What does it mean to be educated? It is sad that the youth — caught in the trap of pedagogically starved coaching centres, parental pressure and pathological obsession with ''market-oriented professional courses'' — get a wrong answer to this pertinent question.

Celebrating liberal education

Life-affirming: Visitors at a sculpture exhibition in Amritsar. File PHOTO: RK SONI



Avijit Pathak

Professor of Sociology, JNU

Perhaps the Earth can teach us, 
As when everything seems dead,
And later proves to be alive,
Now I will count up to twelve,
And you can keep quiet and I will go.
 — Pablo Neruda

What does it mean to be educated? It is sad that the youth — caught in the trap of pedagogically starved coaching centres, parental pressure and pathological obsession with 'market-oriented professional courses'  — get a wrong answer to this pertinent question. To be 'educated', they are told by the insecure middle class living with severe 'survival anxiety' in the neo-liberal era, is to be just a well-fed/well-clothed employee — a fashion designer, a computer professional, a management executive; and education means essentially 'success' and 'settlement' — free from all sorts of 'risks' and poetic madness. No wonder, we tend to forget the deeper meaning of education -- its ethical/philosophical/psychic/cultural significance. The realm of education becomes crudely instrumental when nothing matters more than 'placement' and 'salary package' for selling a set of techno-managerial 'skills'. It is sad to see the youth growing up with chronic restlessness and existential emptiness emanating from the market-induced rationality and its implicit social Darwinism: 'survival of the fittest'.
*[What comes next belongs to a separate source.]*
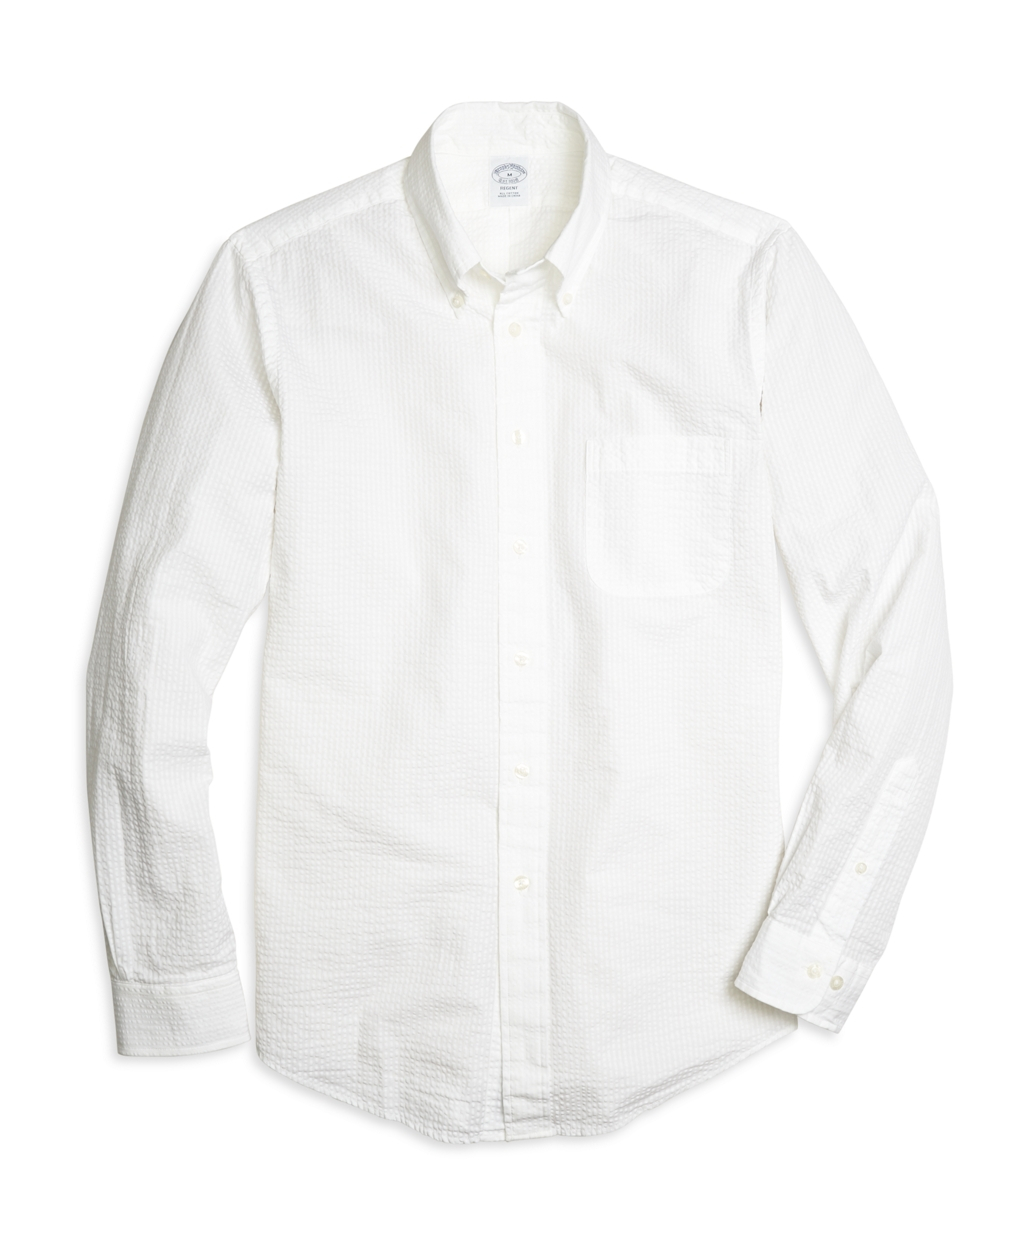 Brooks brothers regent fit seersucker stripe sport shirt Brooks brothers shirt size guide

However, even in these troubled times, we should not stop asserting the significance of the lost virtue — the life-affirming character of liberal education. Yes, even in this prosaic/pragmatic world we will find youngsters joining colleges and universities for pursuing courses in history and literature, art and politics, philosophy and theoretical physics: the courses that, unlike the notorious MBA phenomenon, are not based on the needs of the fluctuating market. Is it possible for them to survive, live with a positive self-perception, overcome the societal stigmatisation and stereotype of the 'left-overs', and find life's true calling and vocation? This is possible only when as teachers and educationists we succeed in inviting them to the enchanting world of liberal education.  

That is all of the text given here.